Updated: Feb 23, 2020

Ride sharing Giant Uber does not do anything at a smaller scale. When Uber was in the process of raising money, it raised approximately $25 billion dollars. Uber loses money every quarter, at astronomical burn rates. The Innovative taxi solution debuted on the New York Stock Exchange today, in the middle of international trade uncertainty and following a massive, international strike by its own drivers.


In terms of percentage losses, Uberʼs dip does not even scratch the surface of the worst IPOs. But the staggering valuation of the company makes it, in raw scale; among the top 10 IPOs ever (including companies outside the U.S).

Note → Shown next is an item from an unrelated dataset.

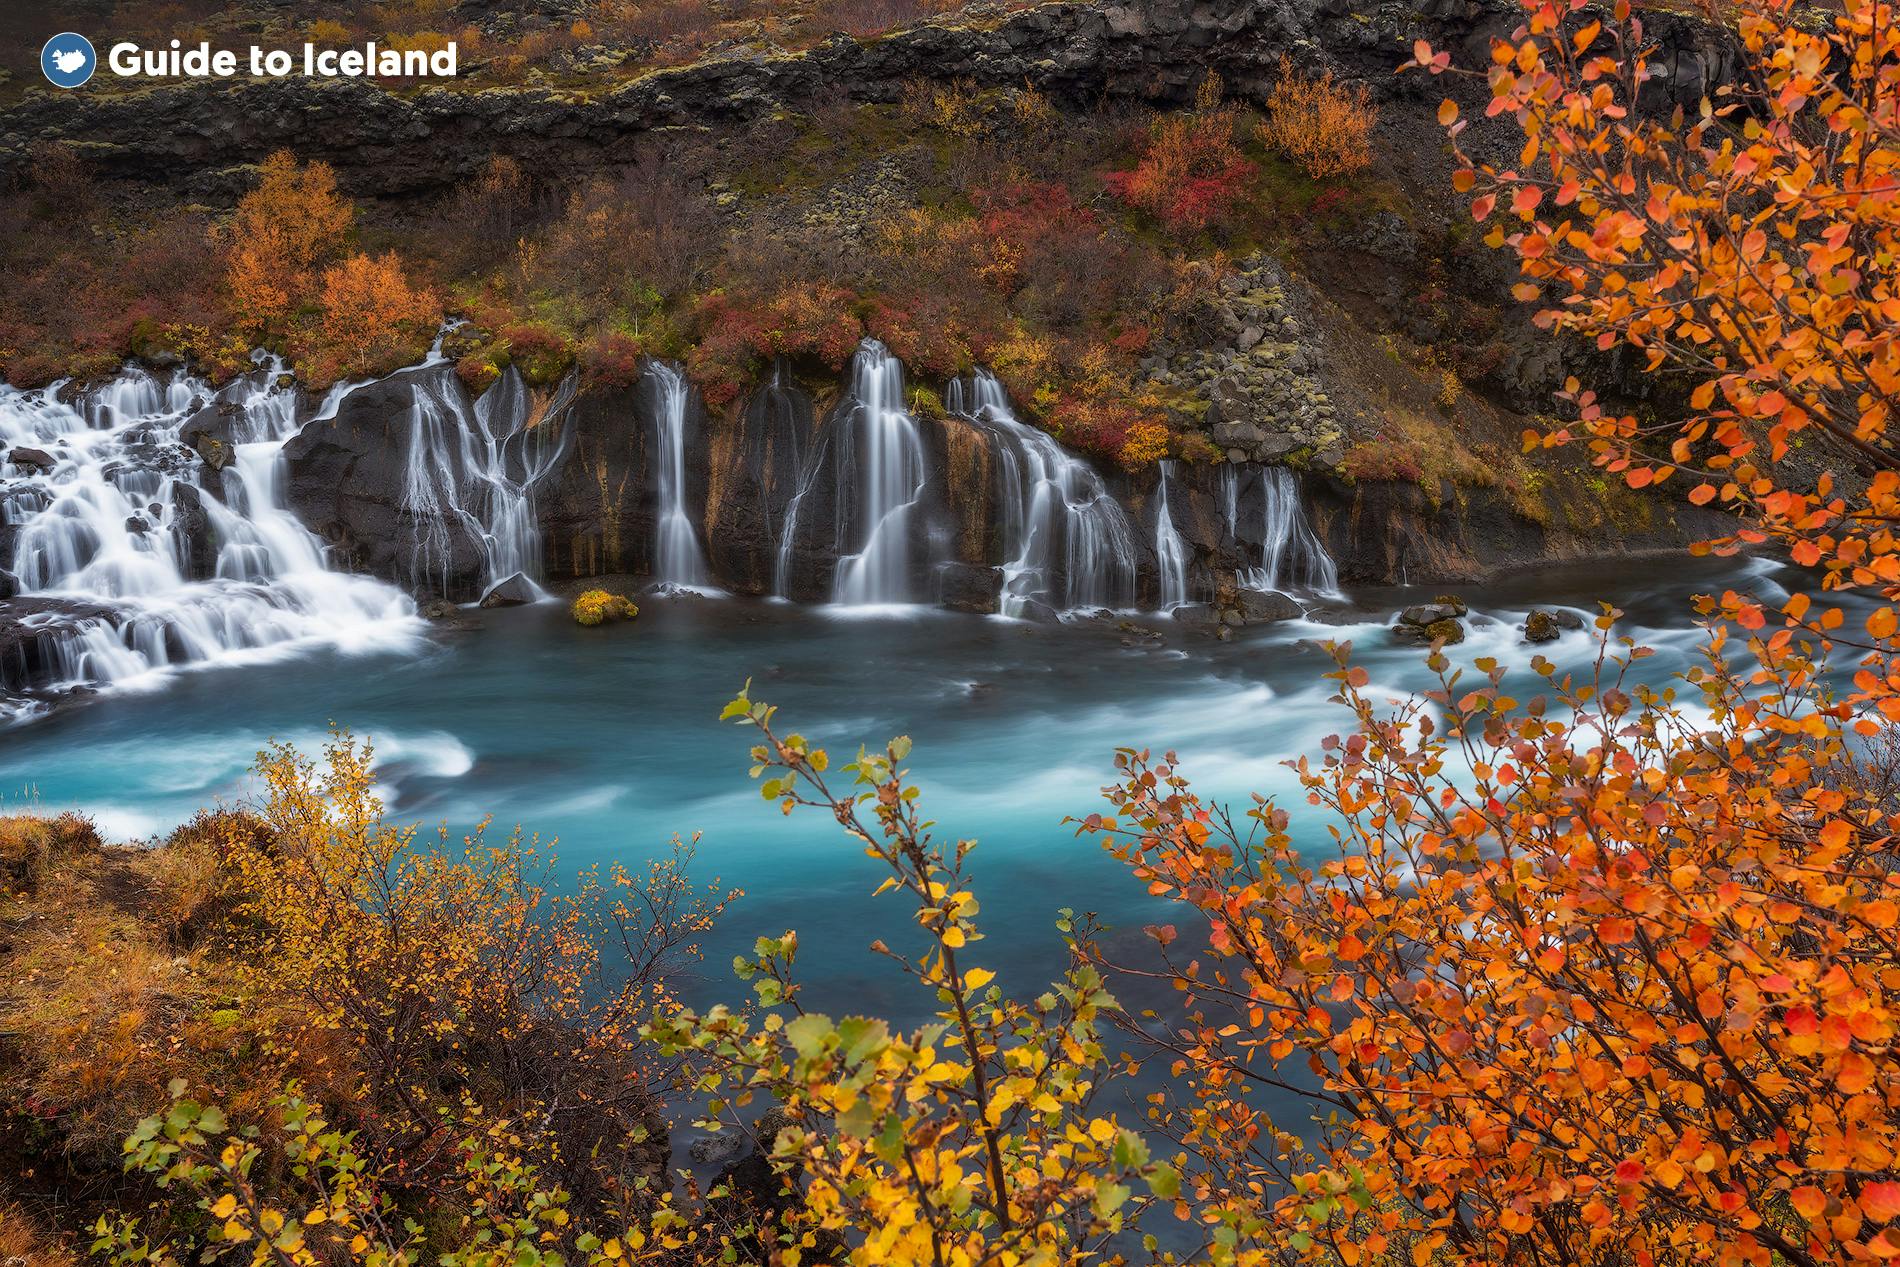 น้ำตกเฮรินฟอซซ่าในทางตอนใต้ของประเทศไอซ์แลนด์ล้อมรอบด้วยป่าเบิร์ชที่สวยงาม

According to University of Florida professor Jay Ritter, Uberʼs 7.62 percent decline since hitting the NYSE makes it “bigger than first day dollar losses of any prior IPO in the U.S.” That single digit decline resulted in an estimated $617 million paper losses.


Considering the condescending fact that Uberʼs debut valuation was approximately $76.5 billion, which was a considerable drop from $90 to $120 billion evaluation the company had been worth just a month earlier; a tragic result of over-competition in market share with bleeding that had begun with competitor Lyftʼs bellyflop IPO.

According to one analyst, the company may be profitable by 2024, though its only current plan, is to continue to screw workers and eventually replace them with unproven technology. As former CEO Travis Kalanick said in 2014, “the reason that Uber could be expensive is youʼre not just paying for the car, youʼre paying for the other dude in the car whoʼs driving.”